▸ **DATA SEGMENT**
•••••
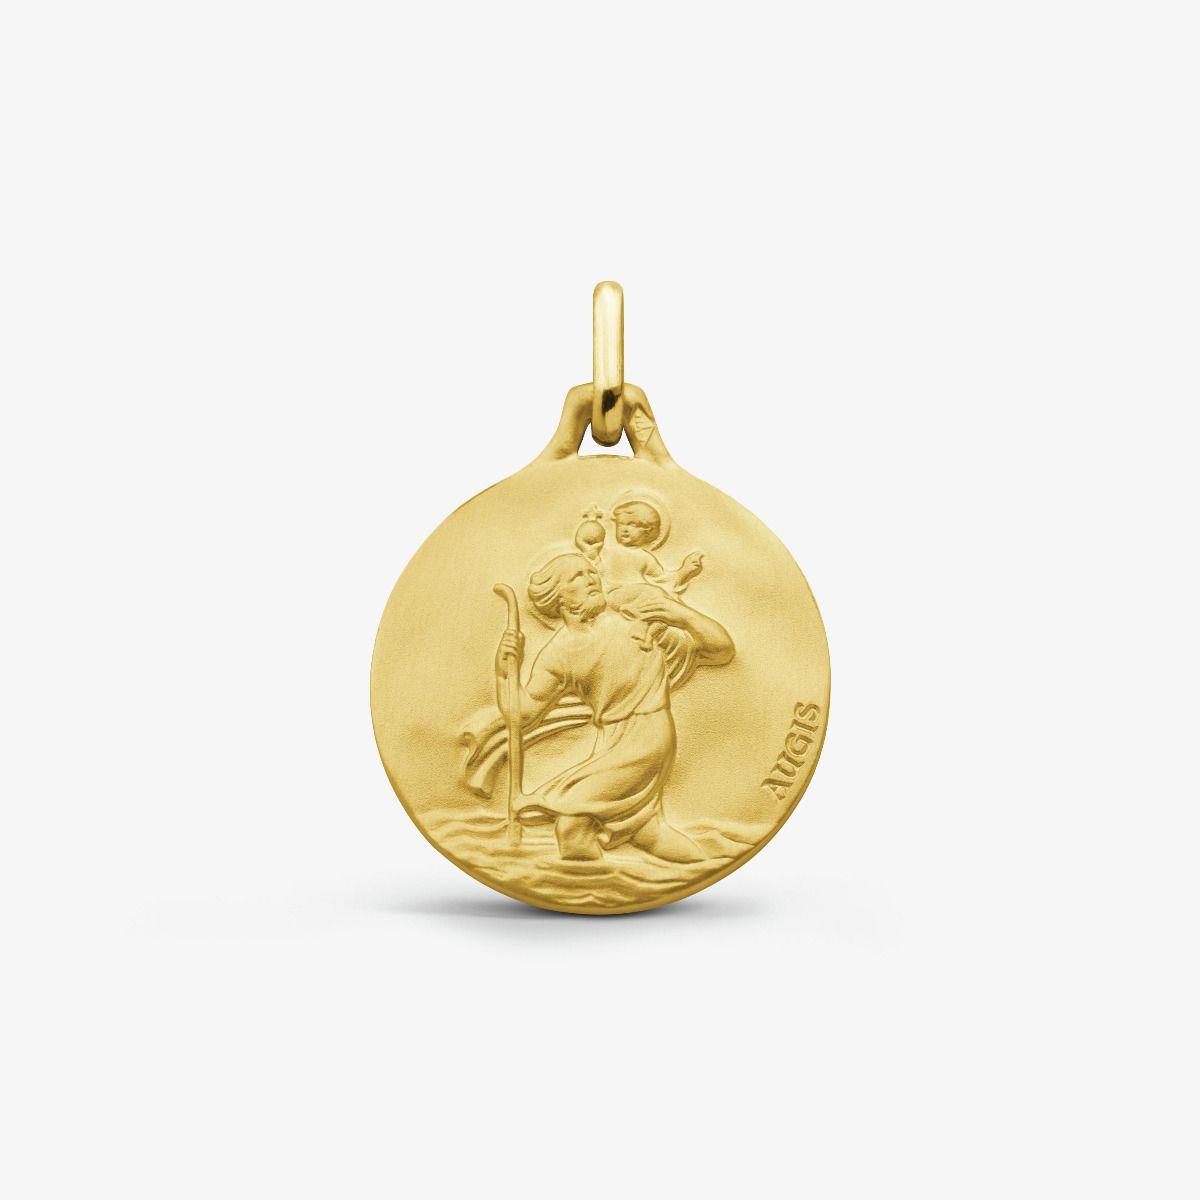 Médaille Saint Christophe Or Jaune 18 carats - 16 mm
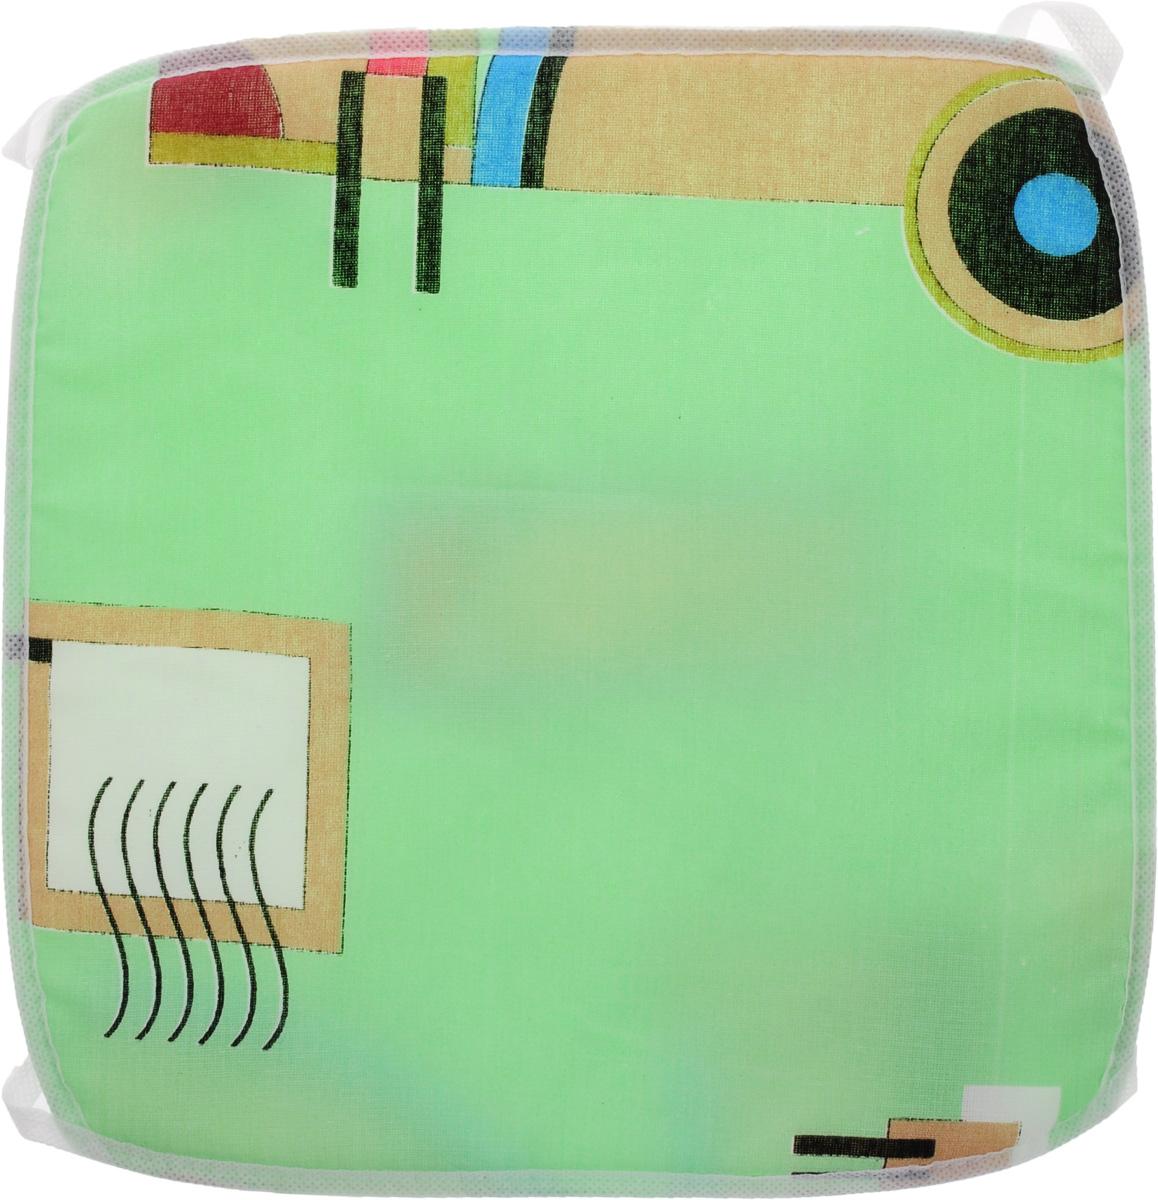 Подушка на стул Eva Геометрия, цвет: белый, светло-зеленый, 34 х 34 см. Е06VT-1520(SR)Подушка на стул Eva Геометрия, выполненная из хлопка с наполнителем из поролона, легко крепится на стул с помощью завязок.Рекомендации по уходу:- деликатная стирка при температуре воды до 30°С.- отбеливание, барабанная сушка, химчистка запрещены.- рекомендуется глажка при температуре подошвы утюга до 110°С.
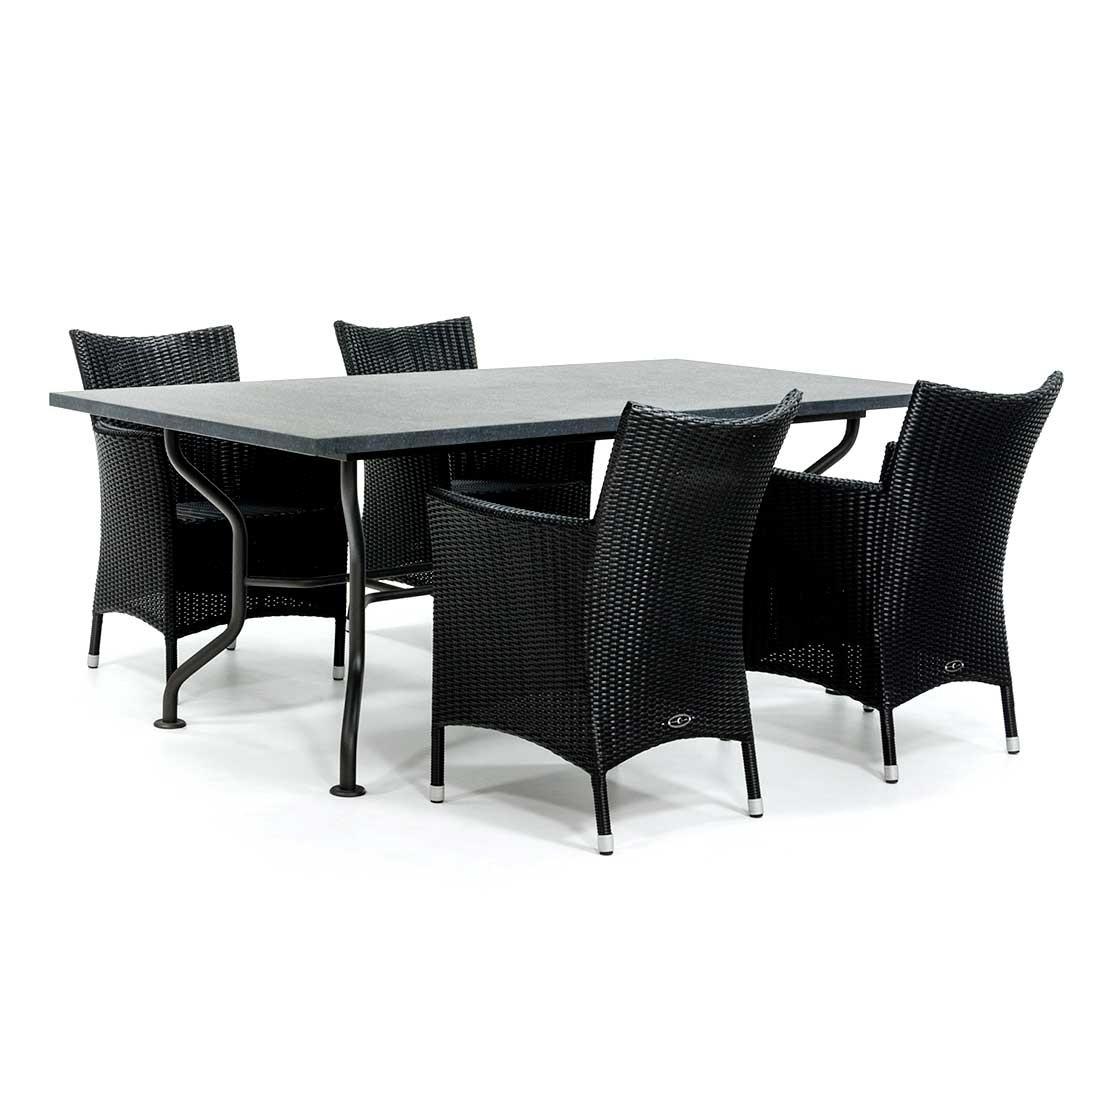 Basalt Tischplatte mit Stahlgestell
•••••
▸ **EXERCISE PROMPT**
Copy exactly the lines from the line holding "Подушка на стул Eva Геометрия, цвет: белый, светло-зеленый, 34" to the final line of the listing, and leave the pictures out.

▸ **REPLY TO THE EXERCISE**
 Подушка на стул Eva Геометрия, цвет: белый, светло-зеленый, 34 х 34 см. Е06VT-1520(SR)Подушка на стул Eva Геометрия, выполненная из хлопка с наполнителем из поролона, легко крепится на стул с помощью завязок.Рекомендации по уходу:- деликатная стирка при температуре воды до 30°С.- отбеливание, барабанная сушка, химчистка запрещены.- рекомендуется глажка при температуре подошвы утюга до 110°С.
 Basalt Tischplatte mit Stahlgestell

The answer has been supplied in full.